Потом Каррера вернулся в столовую и прикурил погасшую сигару, Ласс, прихватив джезву, скрылся на кухне, поскольку заваривал кофе только собственноручно… Нина, сидя перед старшим из хозяев, восхищалась Орудием среди холодных диких гор, — символом культуры куда более могущественной, чем сказочная индейская цивилизация, процветавшая здесь давным-давно, стертая завоевателями и похороненная под тощими деревенскими полями.
— Интересно, что индейцы говорят об Орудии? — спросила Нина.
— Ничего. Их мало интересует назначение наших строек и машин. Но индейцы радуются, что строительство Орудия принесло им заработок. Так сказать, сугубо практическое отношение к прогрессу…

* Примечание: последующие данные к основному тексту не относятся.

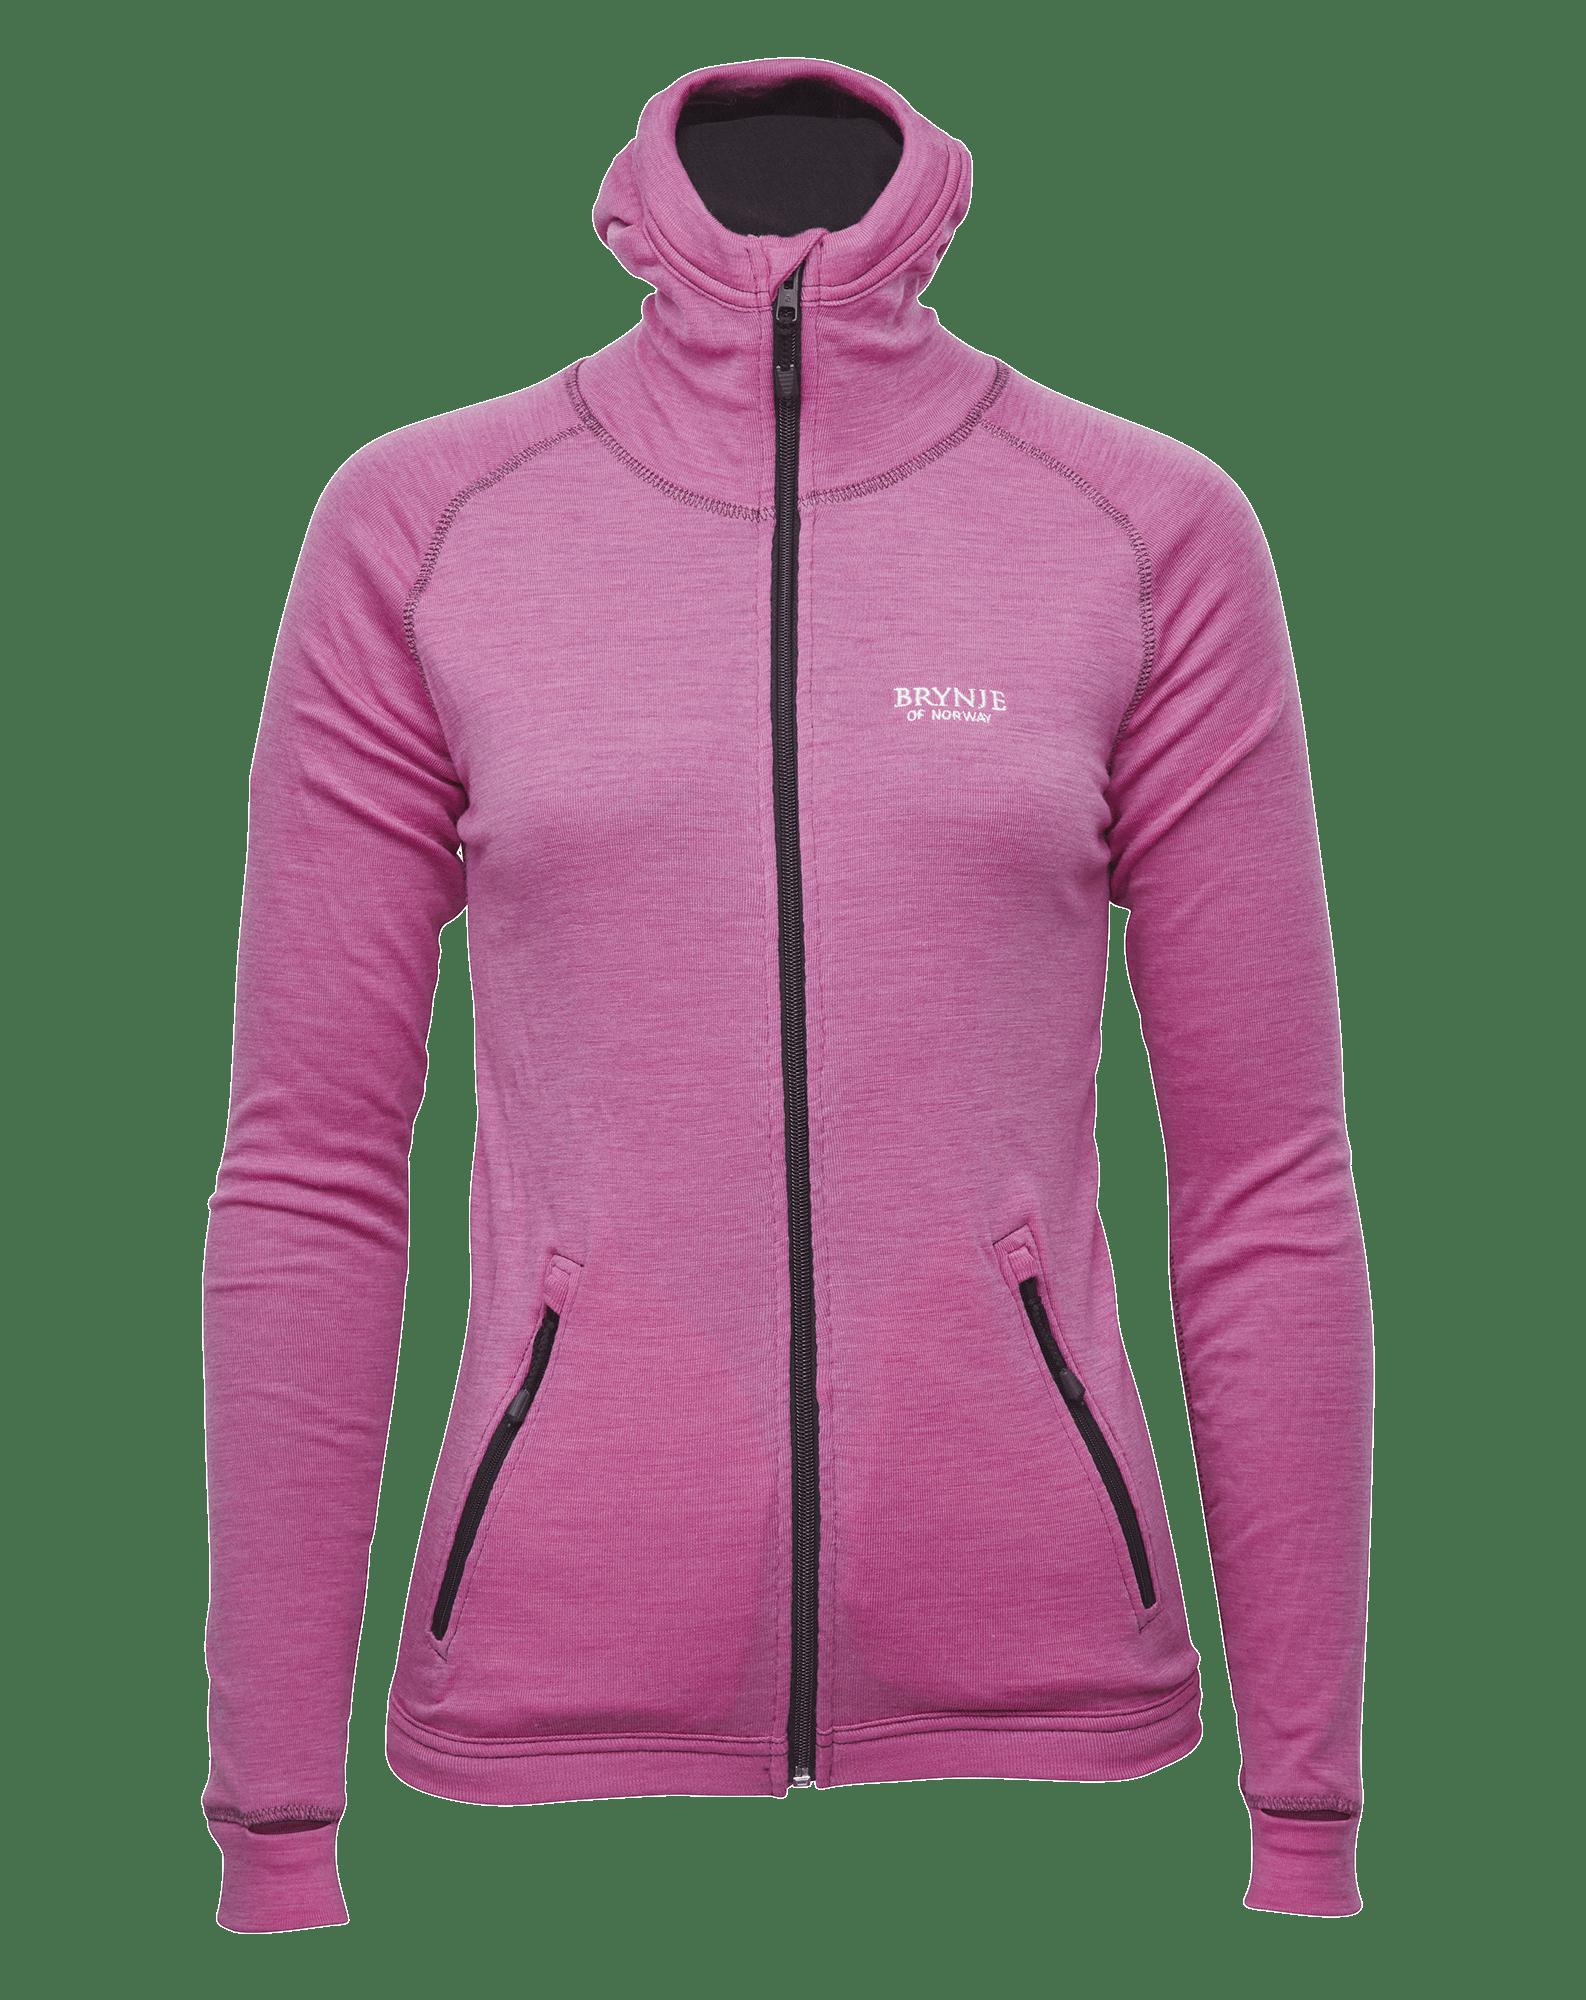 Arctic jakke med hette fra Brynje Lilla | GirlofNorth.no
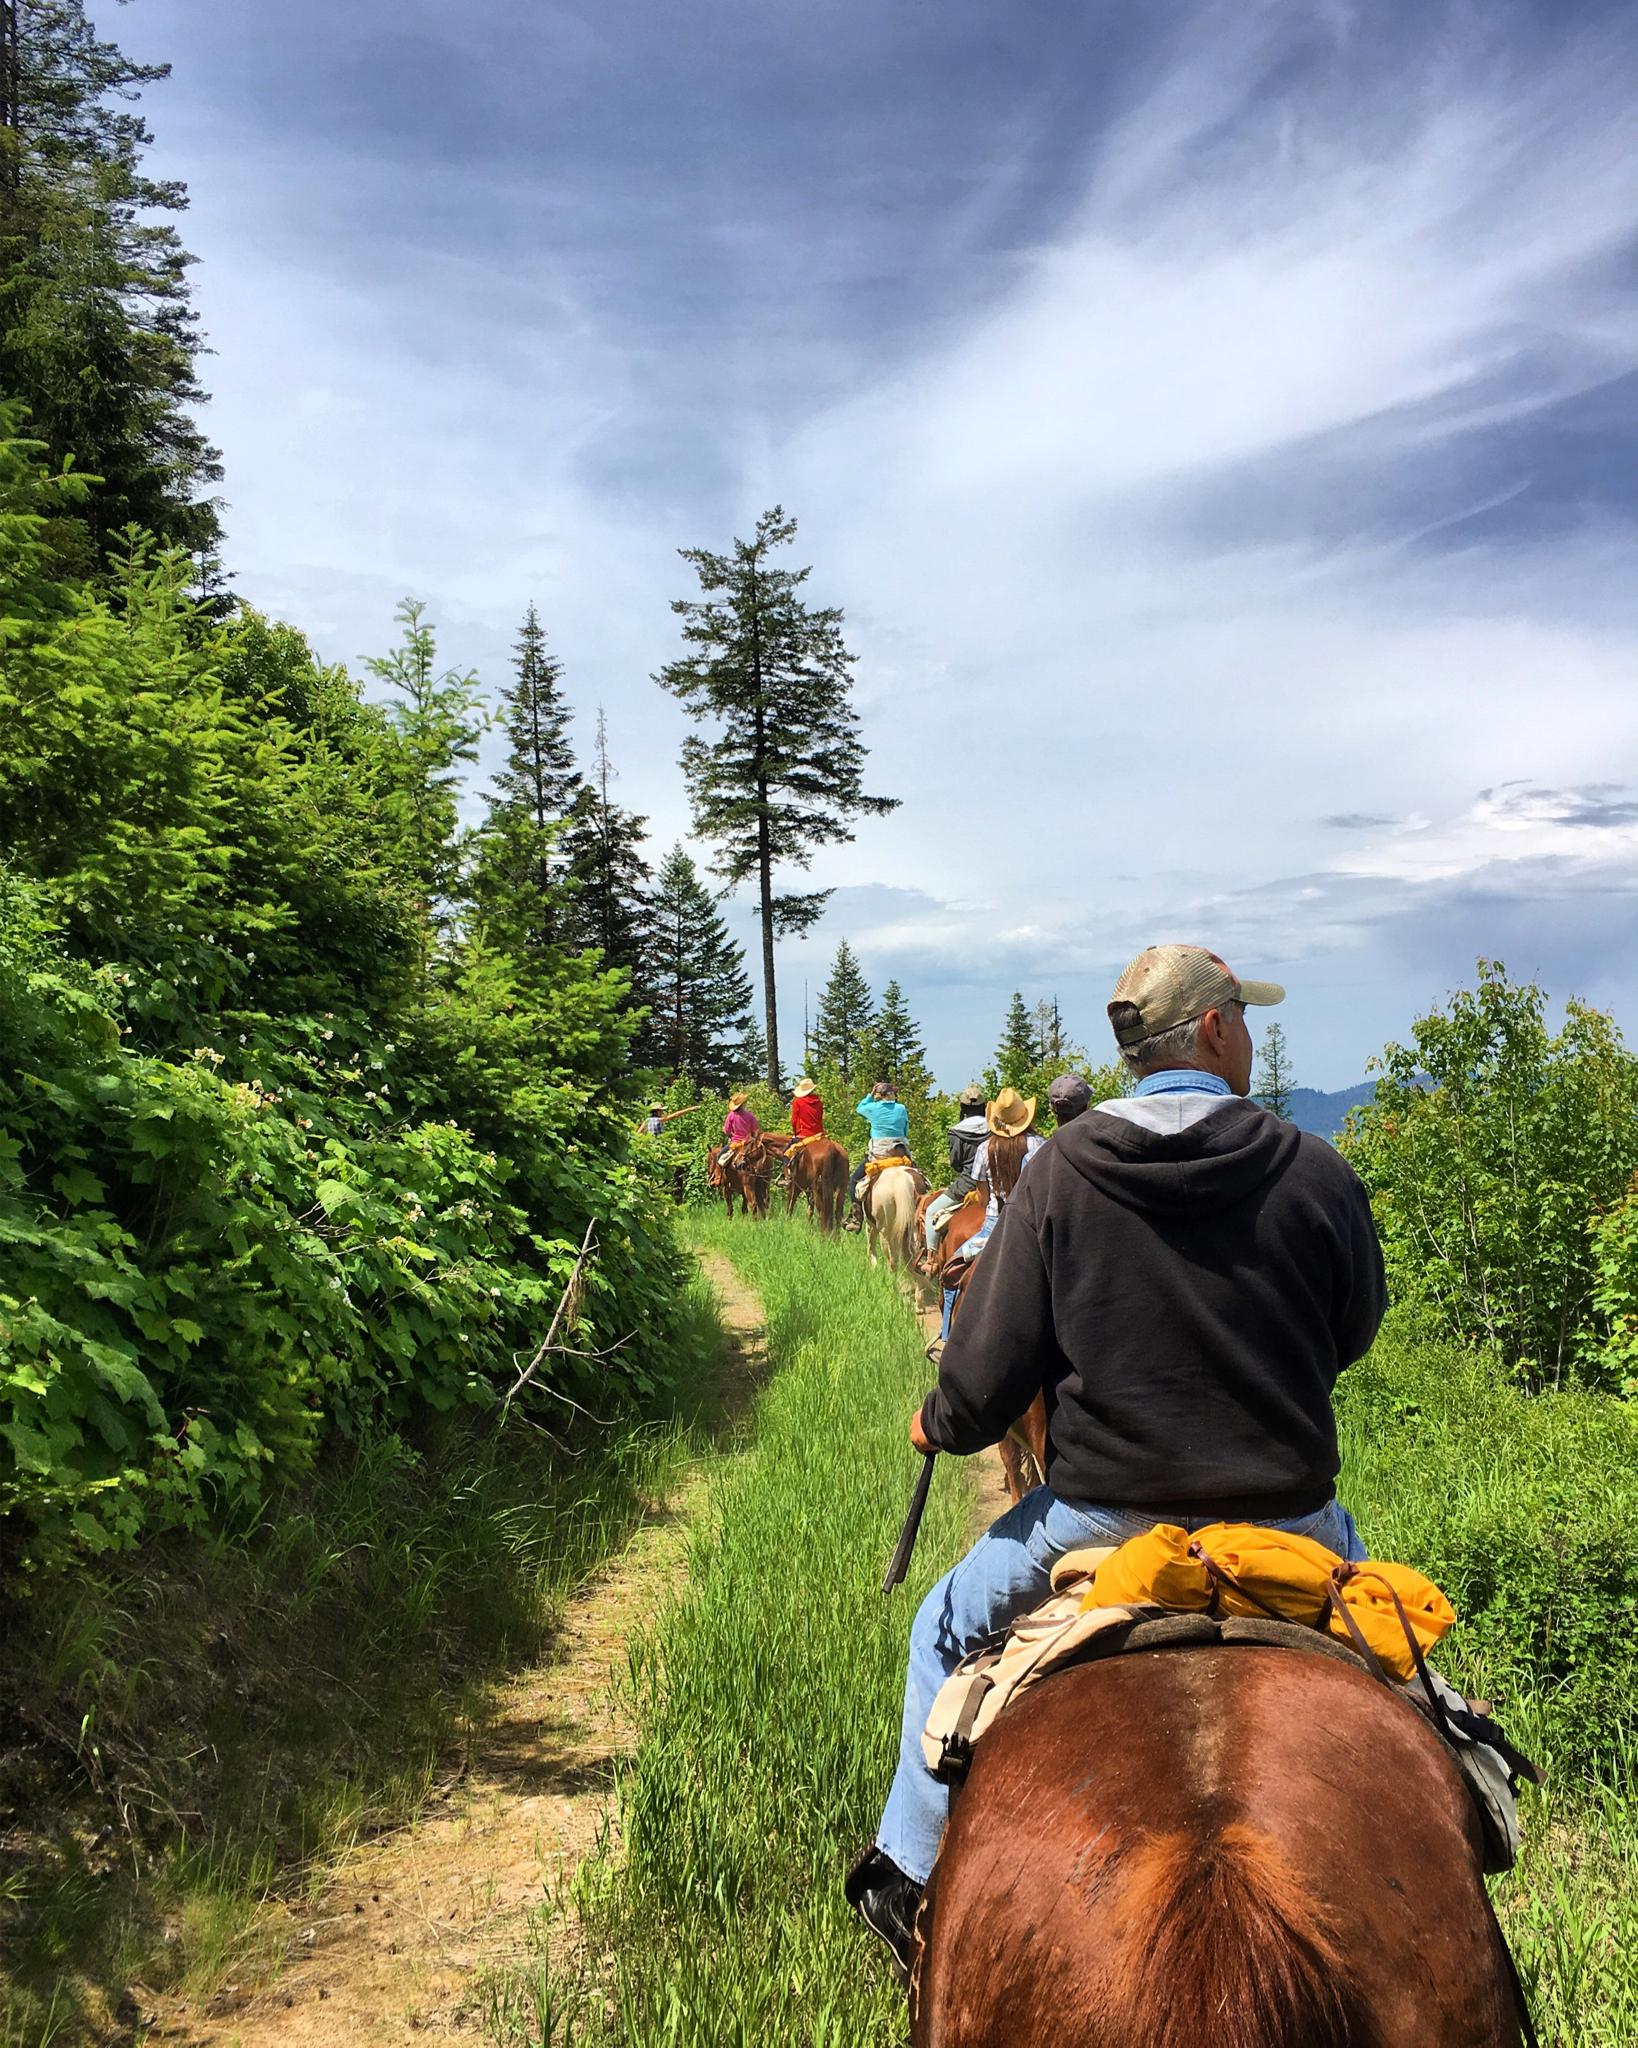 Group on horseback trail ride.

Горела тусклая настольная лампа о четырех рожках, имитировавшая канделябр. На внушительном носу дона Хуана рельефно выделялись поры, он философствовал, время от времени пуская дым через выпяченную нижнюю губу и внимательно следя за ним. Очевидно, Каррере давно хотелось выговориться.
— Да, прогресс, прогресс, — понятие загадочное и банальное. Пожалуй, самое отрадное в прогрессе то, что он не зависит ни от чьей личной воли. Любые попытки воспрепятствовать естественному, наиболее вероятному статистически ходу событий заранее обречены на провал, — нравится нам это, или нет. Сторонники многодетной семьи могли сколько угодно поощрять людей на обзаведение детьми, — но население благоустроенных стран все-таки уменьшается, вернее — стабилизировалось только за счет возросшего срока жизни… И так во всем. Тот, чья личная воля совпадает с необходимостью, счастлив — он творит прогресс сознательно. В противном случае вы испытываете болезненное крушение всех планов… и все равно будете служить прогрессу, из соображений выгоды или под страхом наказания. Увы! Грабитель, насильник, мошенник своим трудом в тюремных мастерских укрепляет то самое общество, которое он пытался подорвать, следуя личной воле. Таким образом, моя милая, любой наш враг рано или поздно станет полезным… или погибнет под колесами прогресса!
— Мне трудно сообразить сразу, — волнуясь, ответила Нина. Ей казалось, что разговор этот с каким-то подвохом. — Я никогда не видела… врага, но мне кажется, что настоящий враг не может стать полезным. Ни при каких обстоятельствах. Я родилась в России через сорок лет после войны, но то, что я читала и видела в кино… о них… не позволило бы мне простить… таких людей… и сотрудничать с ними! — Все-таки испанский язык, даже отлично изученный, был чужим. От волнения она совсем запуталась, смешалась и умолкла, по-девичьи глядя в пол.
— Хм, вы не очень-то логичны: враг не может стать полезным, или вы не станете с ним сотрудничать, — посмеивался Каррера, внимательно следя за дымом. Учуяв состояние Нины, спохватился: — Ну, ну, я шучу, все правильно. Я вас понимаю. Да, не прощают преступников, садистов, бешеных животных. Да, такие не могут стать полезными, даже если они ушли от возмездия, поскольку своим существованием отравляют нравственный климат, — а этот факт важнее любой материальной выгоды. А что касается честных идейных противников, тем более искреннее желающих работать… скажем, отличных специалистов в своей отрасли… кажется, даже ваша революция не отвергала их услуги?